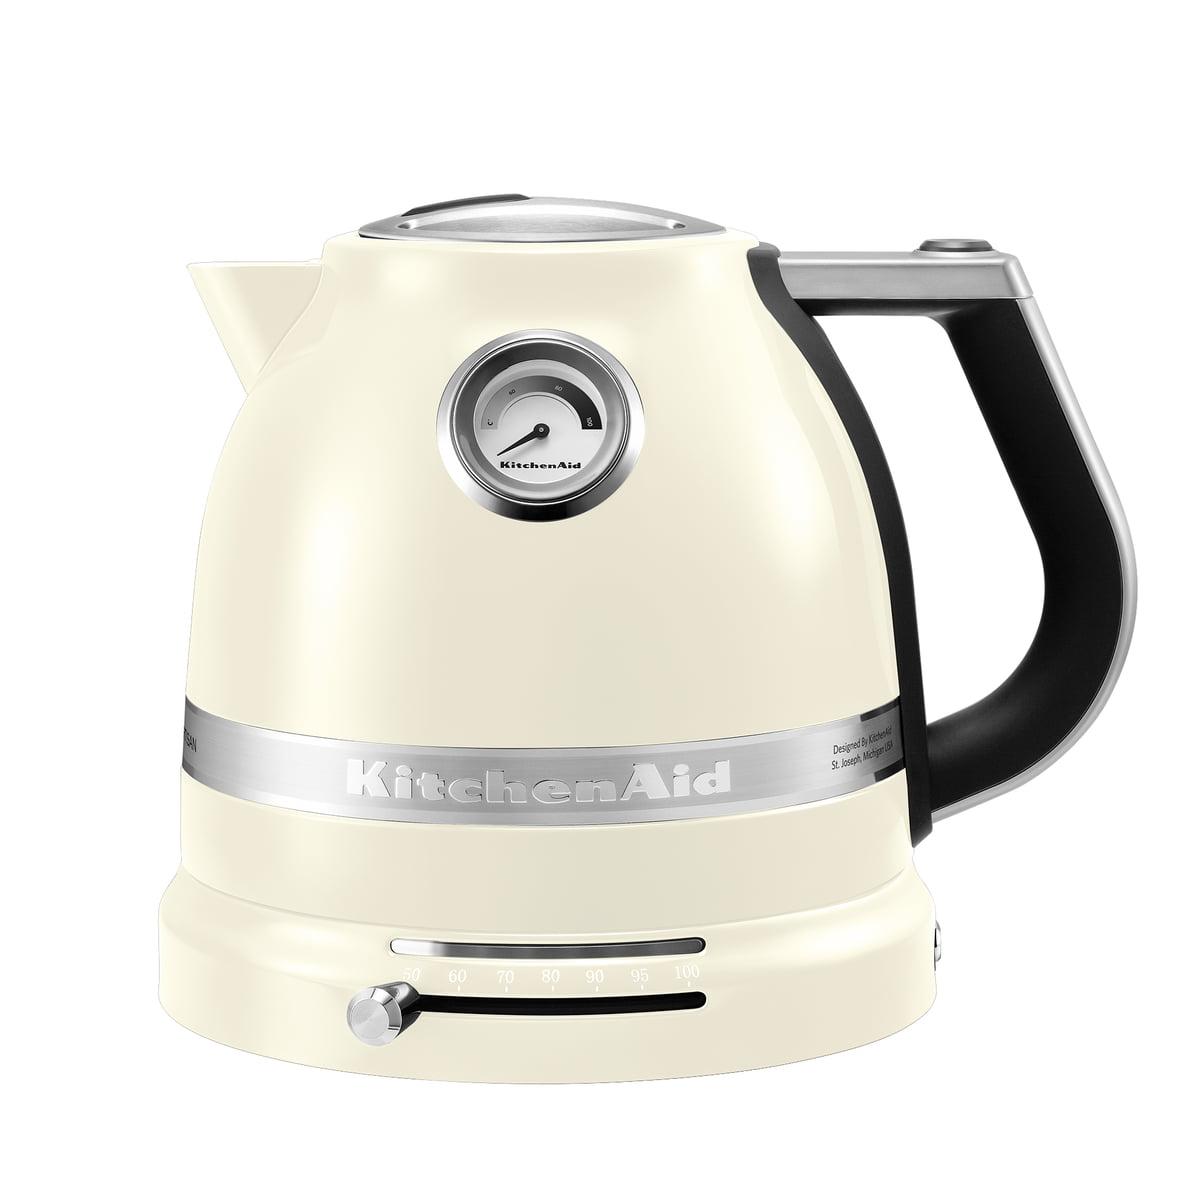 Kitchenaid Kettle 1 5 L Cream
--
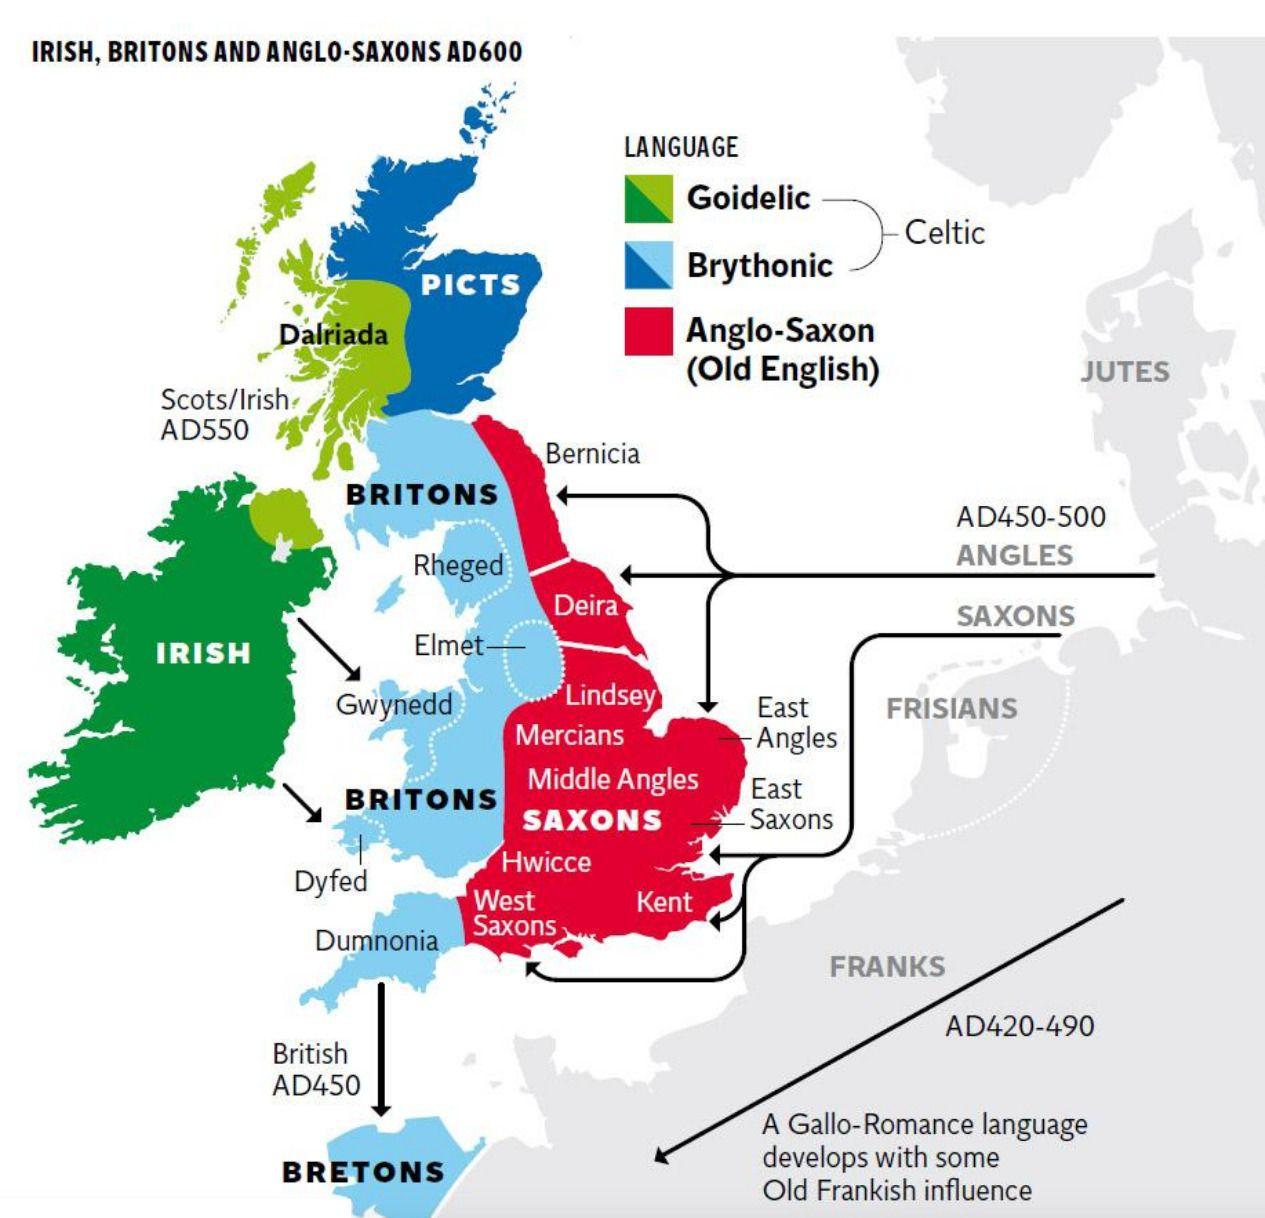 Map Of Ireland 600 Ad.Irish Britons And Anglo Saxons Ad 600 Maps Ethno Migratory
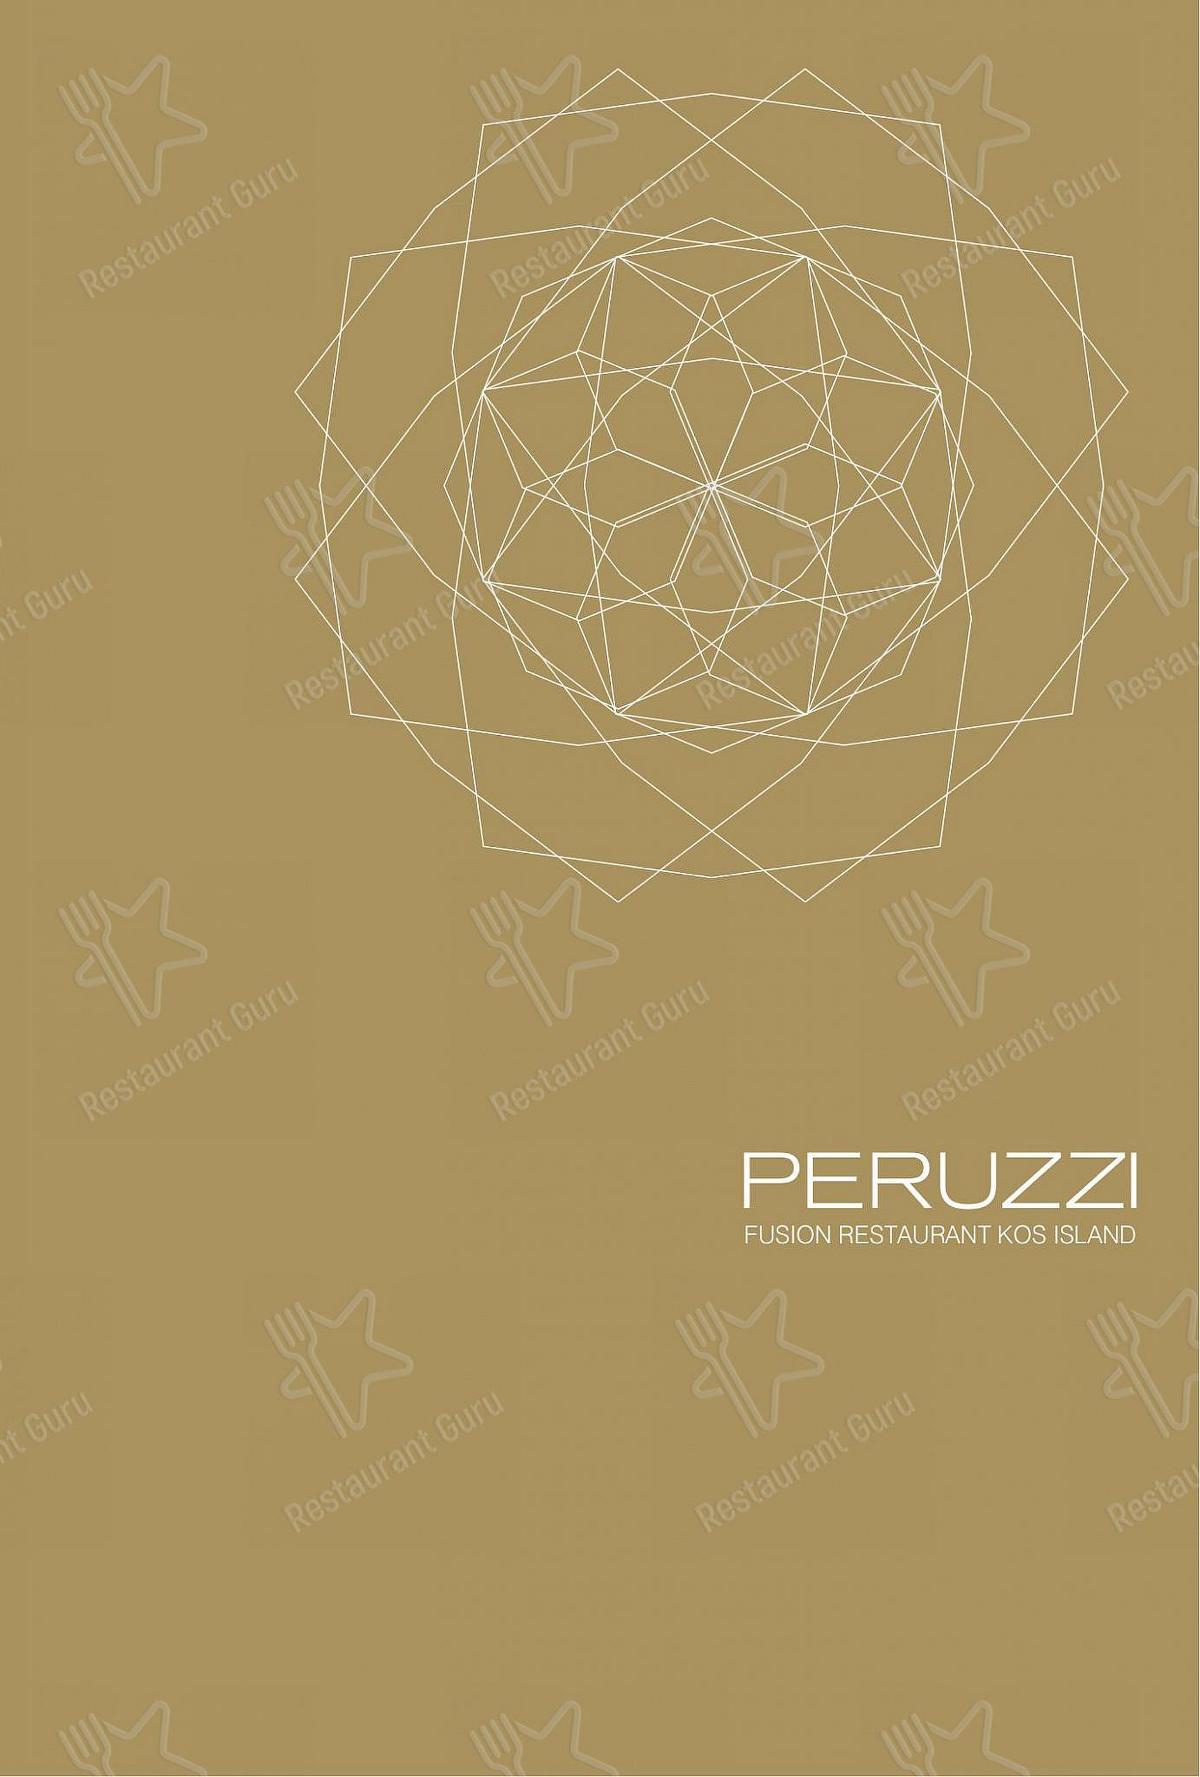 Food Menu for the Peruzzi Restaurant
* * *
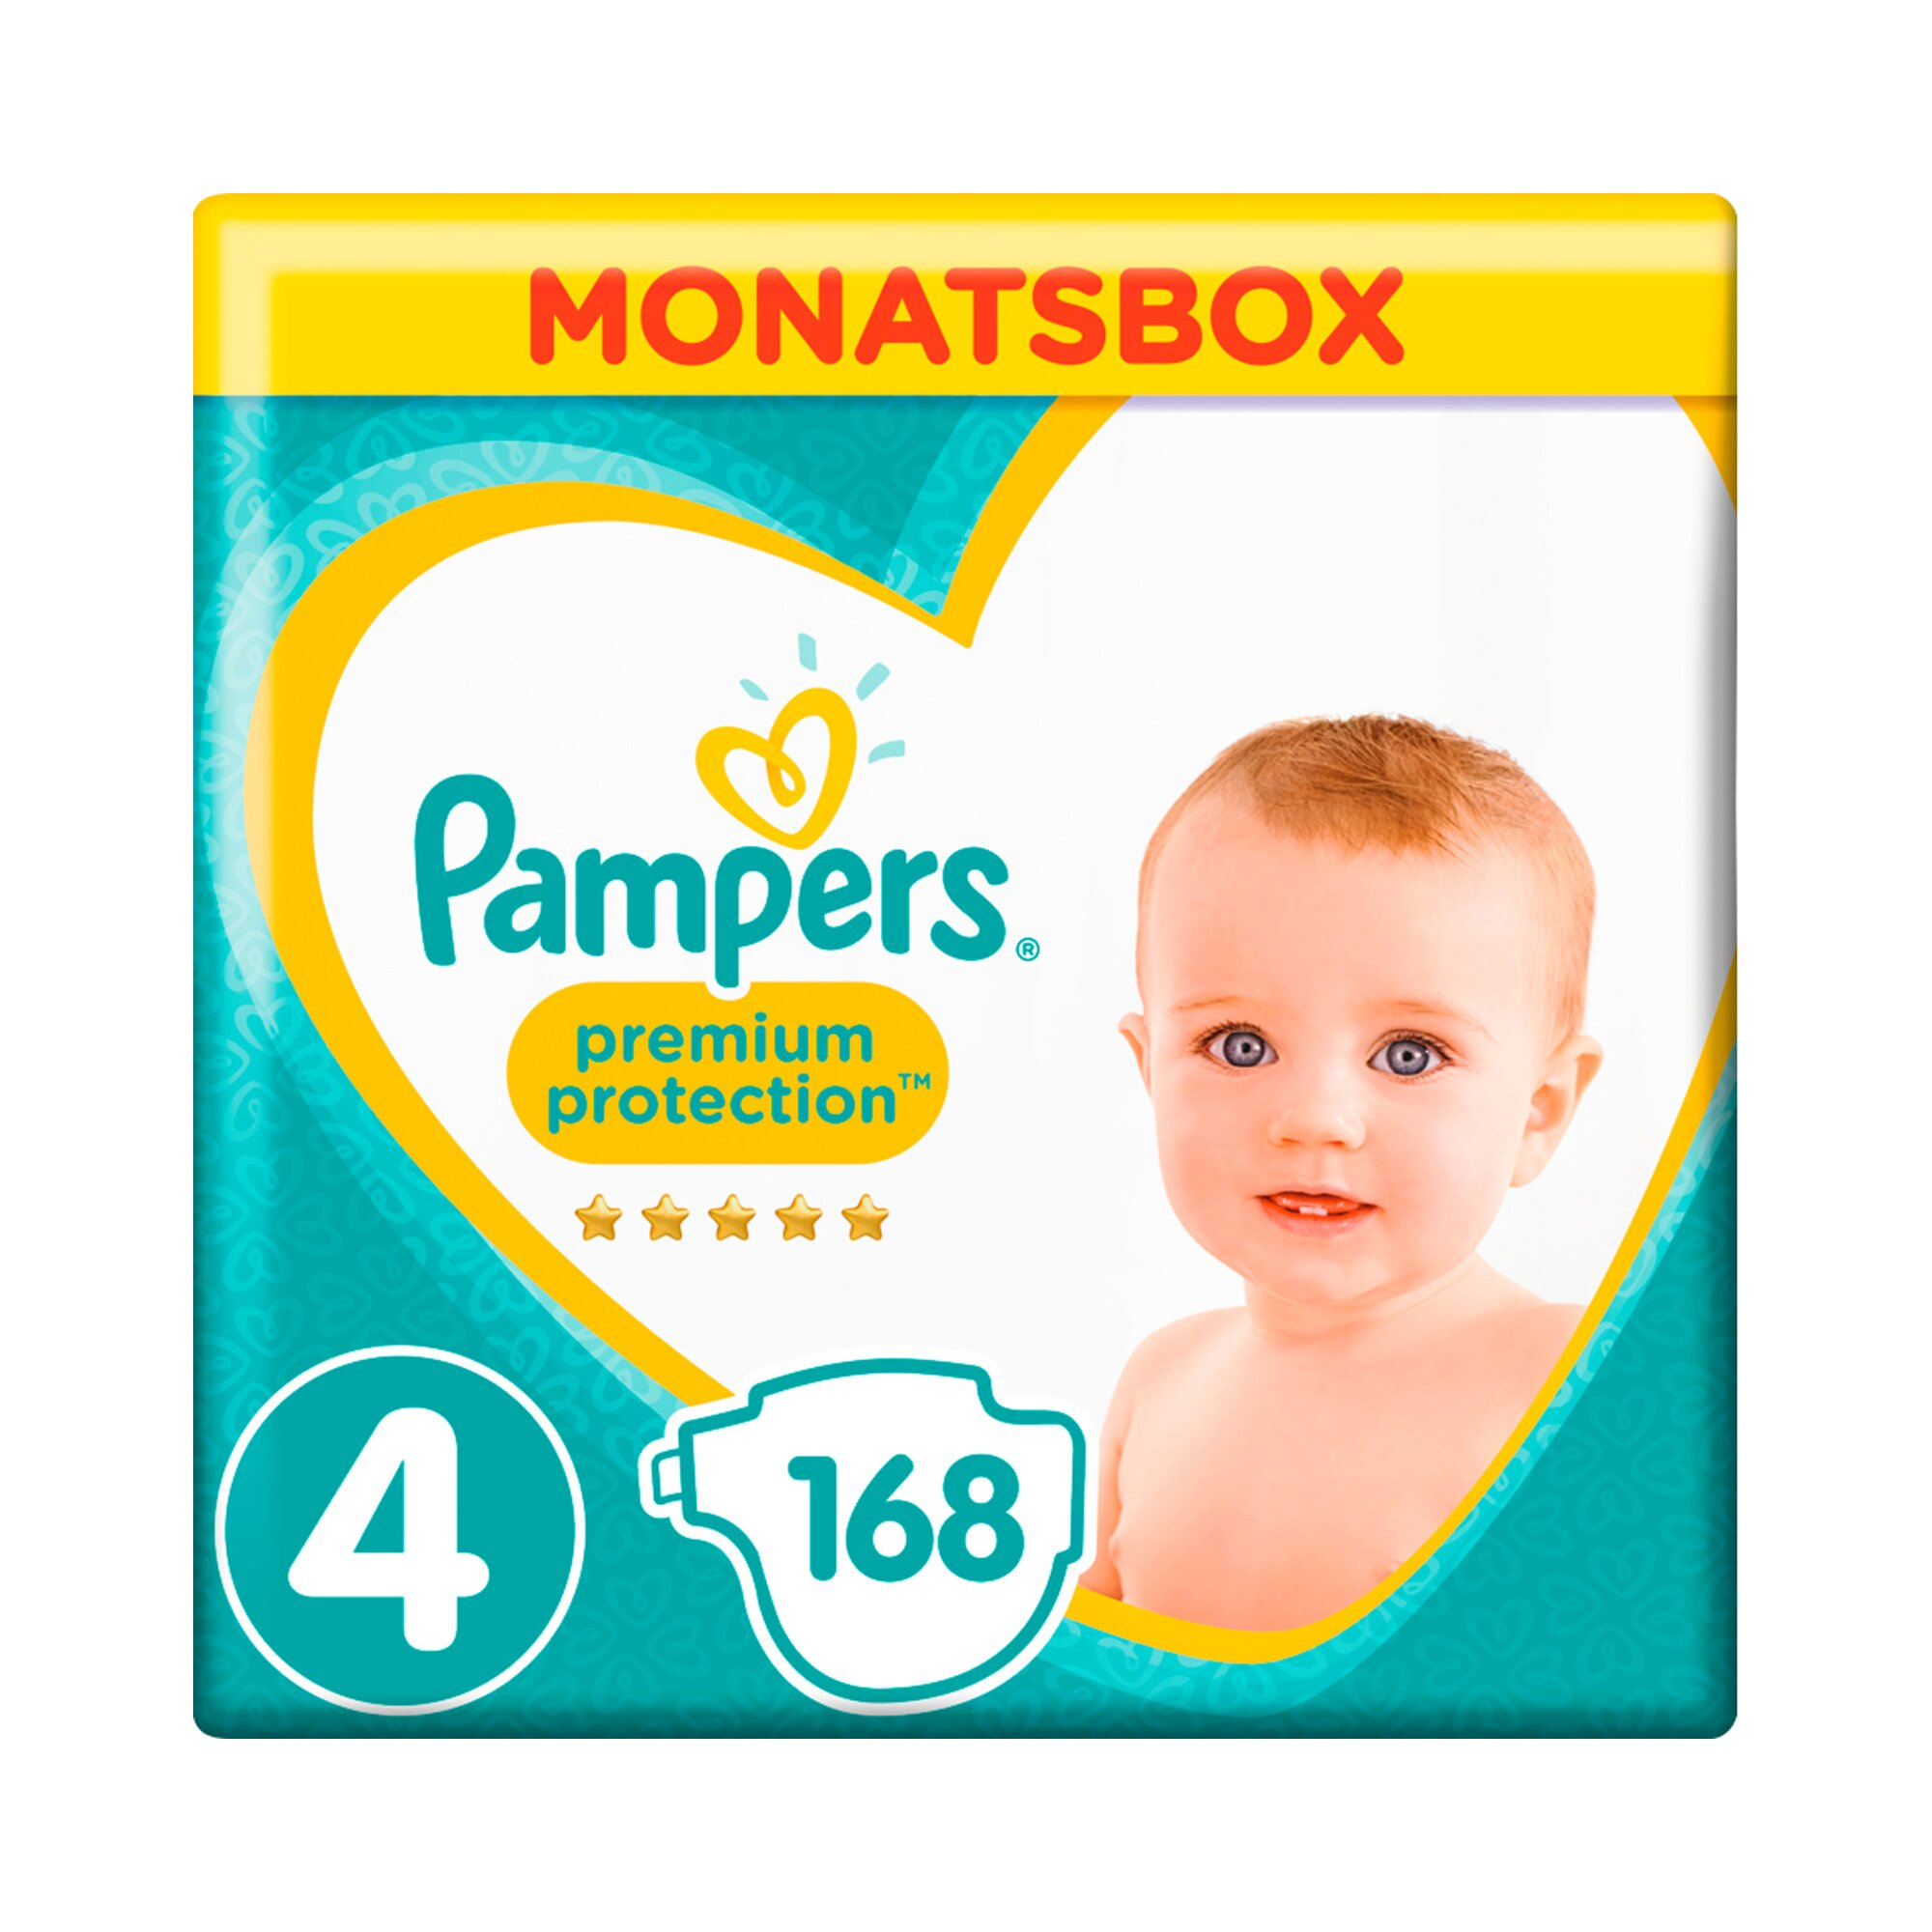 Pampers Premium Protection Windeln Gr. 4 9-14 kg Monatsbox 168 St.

(The task): In the listing above, find the line with "Map Of Ireland" and output it and every line after it up to and including the line with "Food Menu for the Peruzzi Restaurant", exactly, minus the pictures.

(Task response):
 Map Of Ireland 600 Ad.Irish Britons And Anglo Saxons Ad 600 Maps Ethno Migratory
 Food Menu for the Peruzzi Restaurant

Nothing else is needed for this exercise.